A rich fusion of creamy cheesecake and flaky, nutty baklava in elegant single-serve cups—these bite-sized delights are perfect for holidays, parties, or when you want a little something fancy.

Ingredients:

12 sheets phyllo dough, thawed

¼ cup melted butter (for brushing)

1 cup finely chopped walnuts or pistachios

1 tsp cinnamon

2 tbsp sugar

For the Cheesecake Filling:

8 oz cream cheese, softened

¼ cup sugar

1 egg

¼ cup Greek yogurt or sour cream

1 tsp vanilla extract

For the Honey Syrup:

¼ cup honey

2 tbsp water

1 tsp lemon juice

½ tsp orange blossom water (optional)

Instructions:

Preheat oven to 325°F (160°C). Lightly grease a 12-cup muffin tin.

Layer 2 sheets of phyllo at a time, brushing each layer with melted butter. Cut into squares and press gently into each muffin cup to form the crust (about 4 layers per cup).

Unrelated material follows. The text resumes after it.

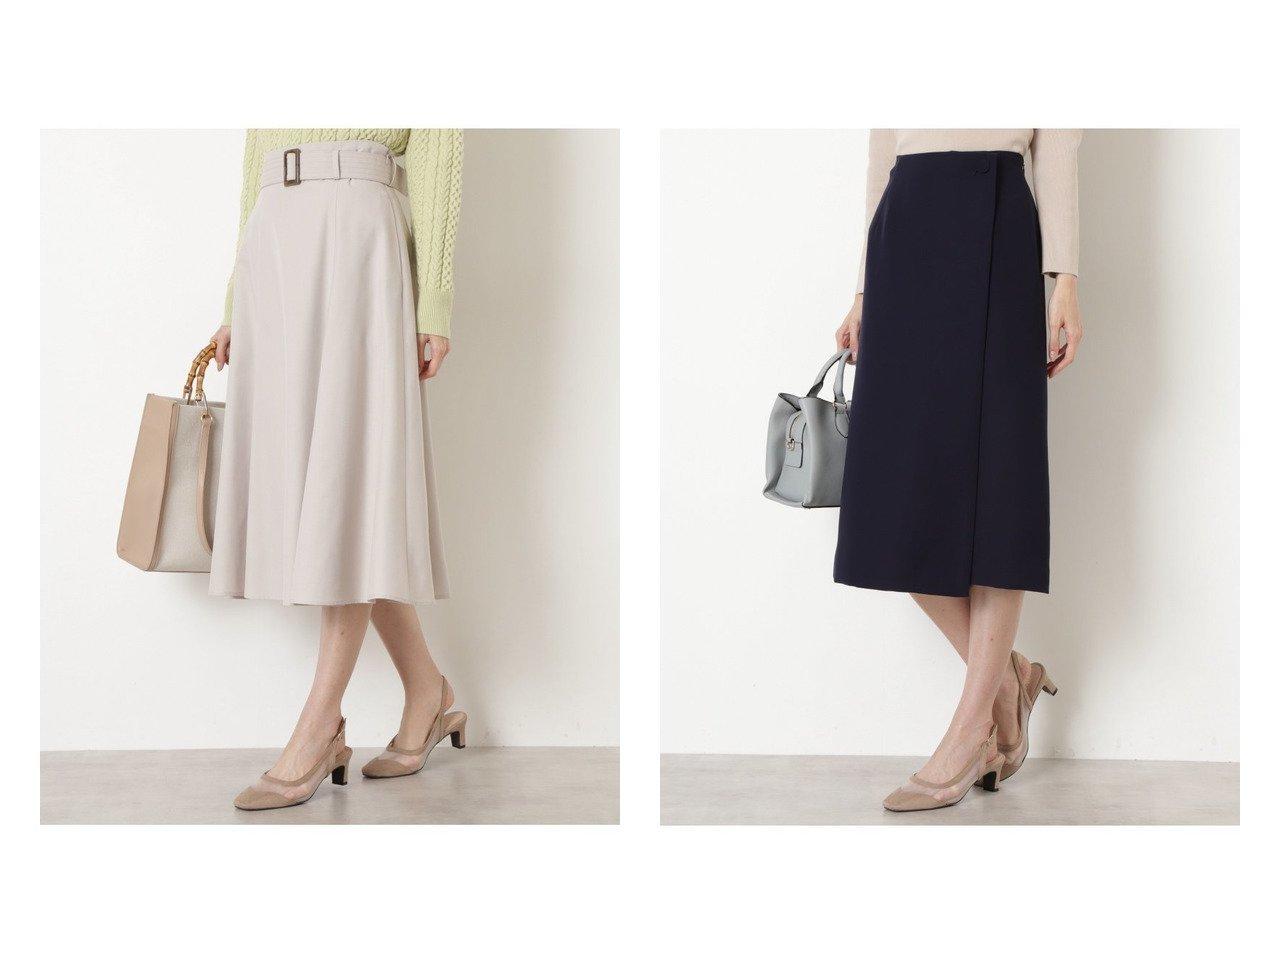 【NATURAL BEAUTY BASIC/ナチュラル ビューティー ベーシック】のバックルベルトフレアスカート&ラップ風ストレートスカート NATURAL BEAUTY BASICのおすすめ!人気、トレンド・レディースファッションの通販  おすすめで人気の流行・トレンド、ファッションの通販商品 メンズファッション・キッズファッション・インテリア・家具・レディースファッション・服の通販 founy(ファニー) https://founy.com/ ファッション Fashion レディースファッション WOMEN スカート Skirt Aライン/フレアスカート Flared A-Line Skirts バッグ Bag ベルト Belts NEW・新作・新着・新入荷 New Arrivals フレア 春 Spring シンプル ストレッチ ストレート ラップ |ID:crp329100000019324

In a small bowl, mix chopped nuts, cinnamon, and 2 tbsp sugar. Add 1 tbsp of the nut mixture into each phyllo cup.

In another bowl, beat cream cheese and sugar until smooth. Add egg, yogurt, and vanilla; mix until fully combined.

Spoon cheesecake filling over the nut layer in each cup.

Bake for 20–22 minutes, until centers are set. Let cool completely.

Meanwhile, combine honey, water, lemon juice, and orange blossom water in a saucepan. Simmer for 2–3 minutes, then cool slightly.

Drizzle syrup over the cooled cheesecakes and garnish with extra nuts if desired.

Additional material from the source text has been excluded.